Published date : 24 Nov 2016

Mid Fife and Glenrothes MSP Jenny Gilruth has praised the work of Fife College and Fife-based care provider, A Life Explored after she presented them both with national awards at the Scottish Parliament for their work in tackling harm caused by tobacco.

These awards are part of Scotland’s Charter for a Tobacco-free Generation; an initiative by health charity Action on Smoking and Health to help deliver a tobacco-free generation by 2034 (by this we mean less than 5% of the population still smokes). The Charter inspires organisations to take action to reduce the harm caused by tobacco.

Over 90 organisations have pledged support for the Charter. These awards recognise the contributions these organisations are making in working towards a tobacco-free generation. Fife College boldly aspires to be a smoke-free College Campus by 2019.

They have recently introduced a new Clear Air Policy and have committed to the Healthy Body Health Minds initiative to help change attitudes towards smoking on campus.

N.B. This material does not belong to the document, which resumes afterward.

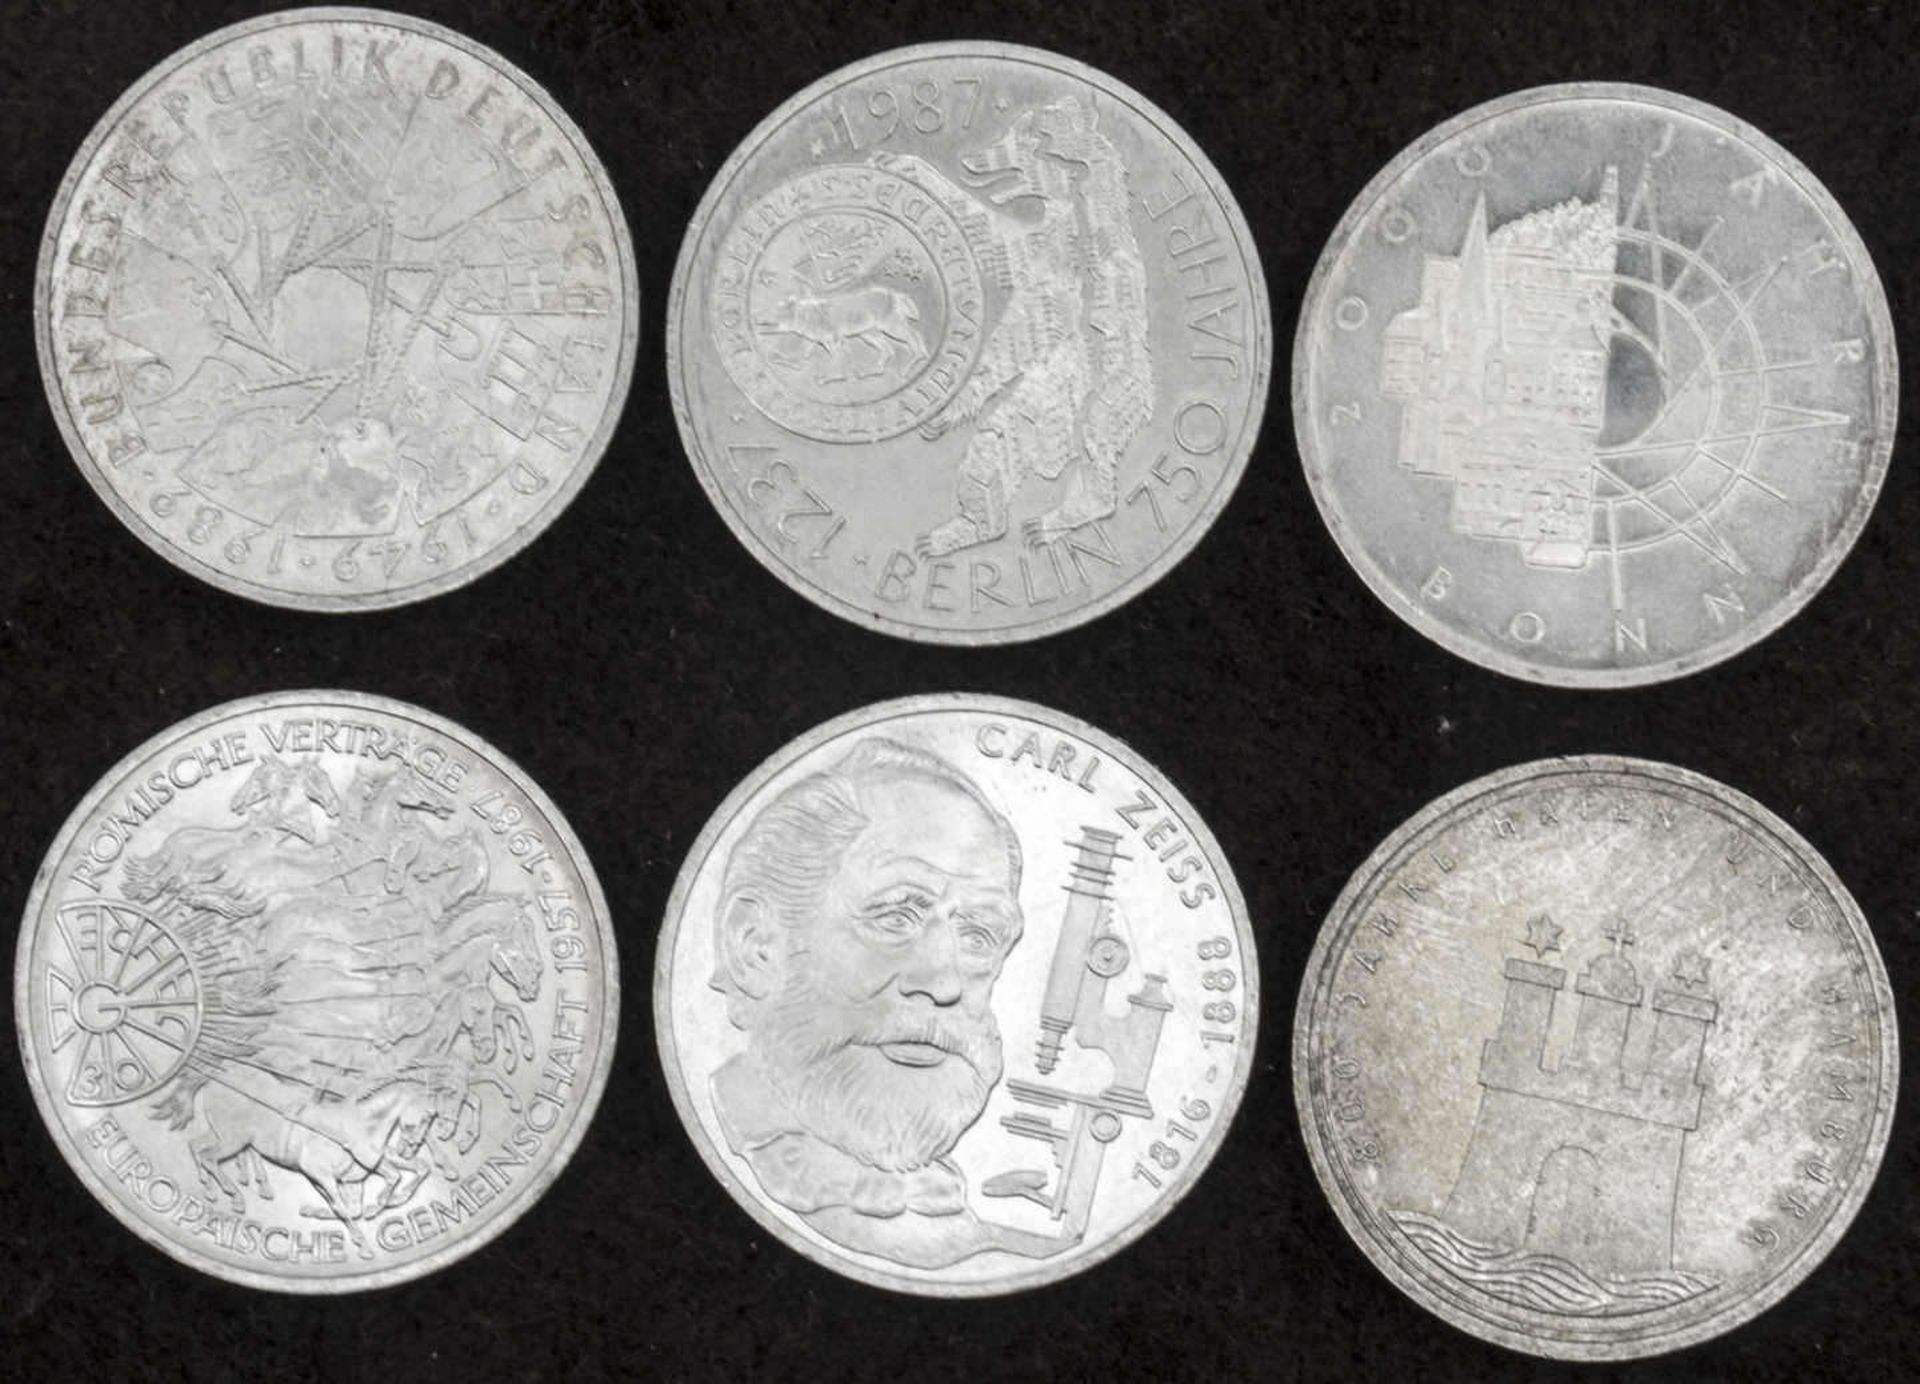 BRD 1988/89 D, 6 x 10.- DM - Silbermünzen. Stgl. FRG 1988/89 D, 6 x 10 DM - silver coins. BU.
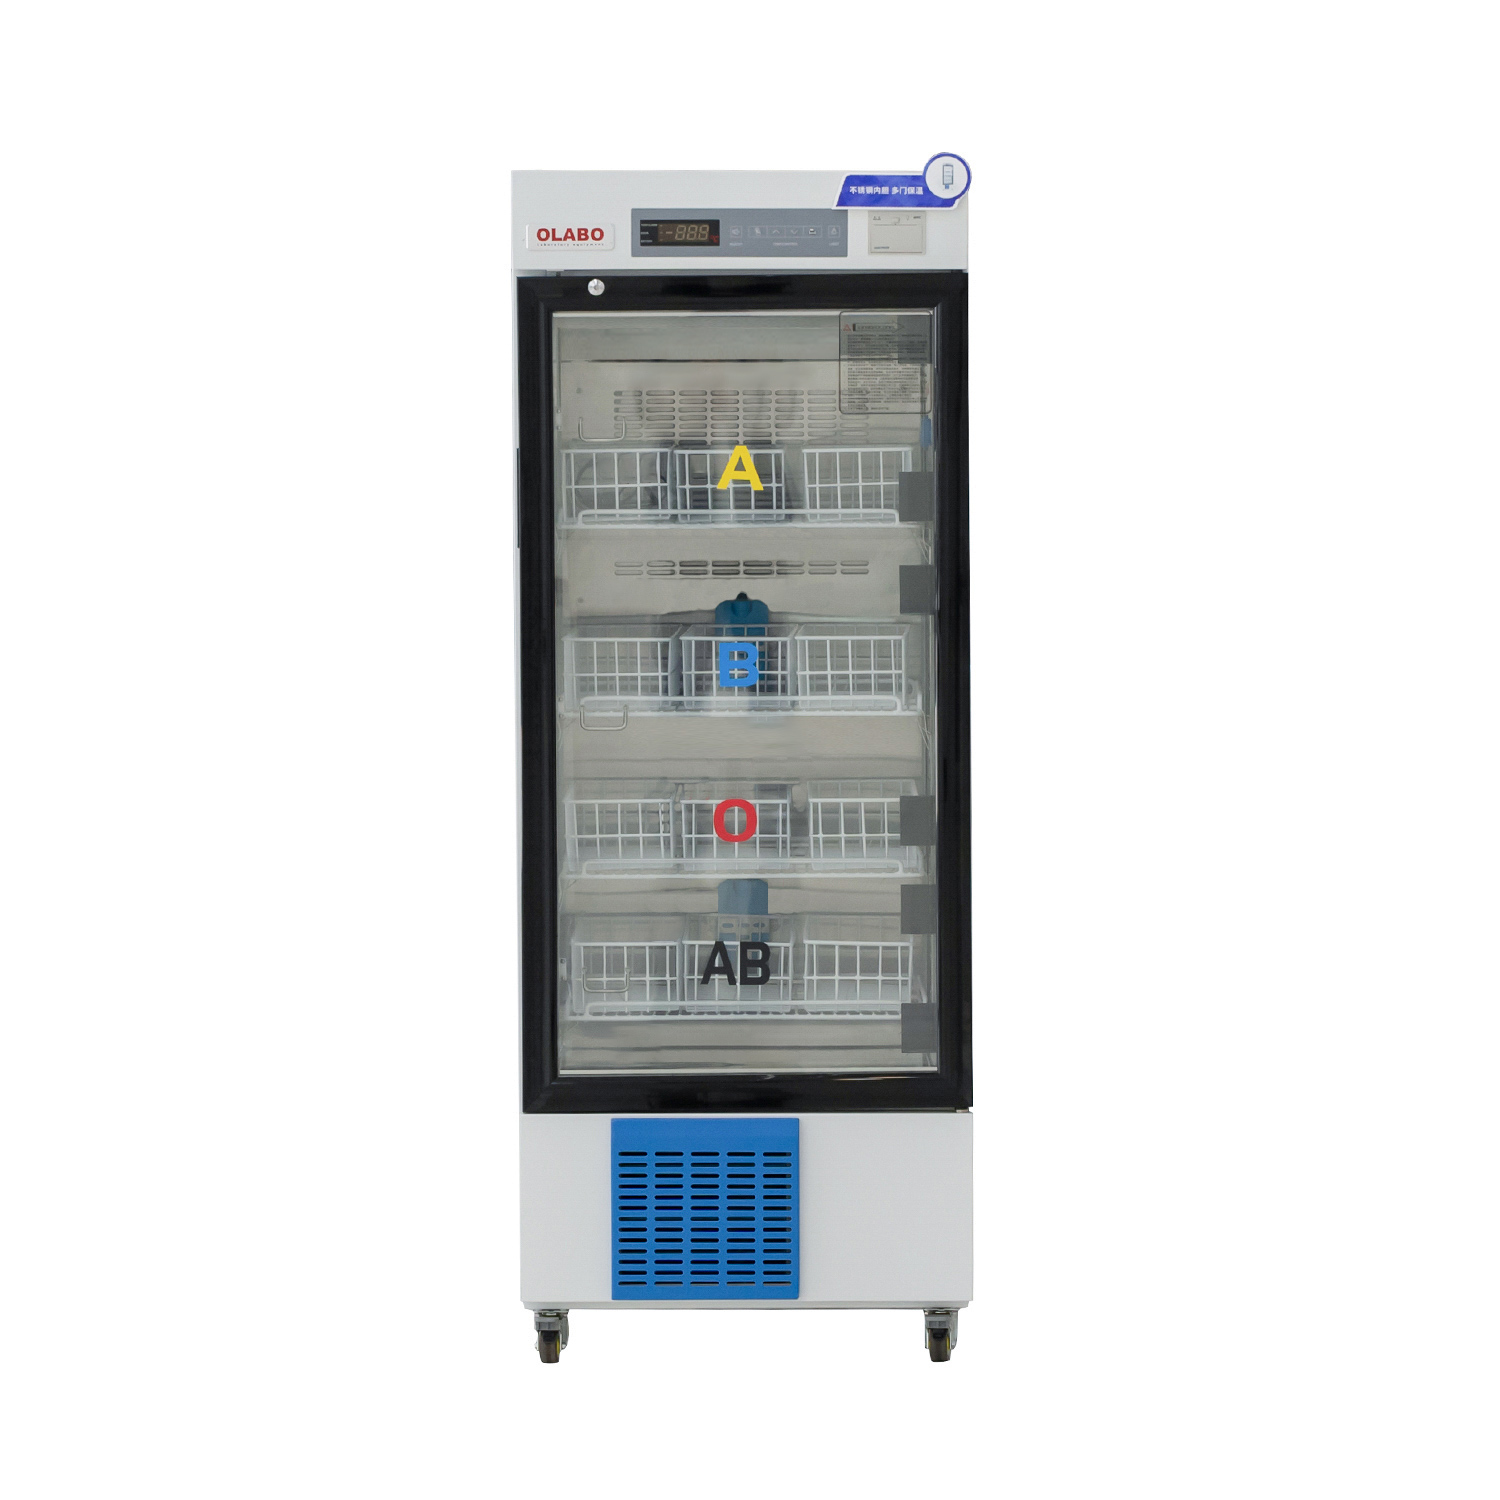 4 Degrees Celsius Blood Bank Refrigerator Para sa Laboratory

The college works in partnership with local NHS stop-smoking services to support staff and students to quit smoking whilst promoting positive health messages across campus.

A Life Explored has developed a unique forward-thinking smoke-free policy for both their children and the adults who care for them. Adults encourage the children and young people in their care to lead healthy lifestyles, and offer support for those who want to quit.

Children who stop  smoking receive incentives such as increased pocket money for remaining smoke-free. They are working in partnership with the Care Inspectorate and ASH Scotland to influence the development of national tobacco policy guidance for use within the residential care sector.

Ms Gilruth said “I was delighted to present these awards to Fife College and to A Life Explored. Both organisations are very worth recipients. Research shows that 13,000 young people start smoking each year in Scotland. As a former teacher I am only too aware that young people continue to smoke recreationally.

"We can all be influential in helping young people understand the harmful effects caused by tobacco and smoking.”

Sheila Duffy, Chief Executive of ASH Scotland, said: “ASH Scotland launched Scotland's Charter for a tobacco-free generation to help raise awareness of and deliver the worthwhile vision for putting smoking out of fashion for the next generation.

“In its first year, the response to the charter has been excellent. We now have nearly 100 organisations signed up to the Charter, and it is proving an effective way to bring people together and motivate organisations in the fight against tobacco and the harmful effects it has on children and young people.

“These awards celebrate some of the positive actions that Charter signatories across the country are delivering to help to ensure that children who are in nursery now become the first generation to grow up in communities where tobacco is hardly noticed.”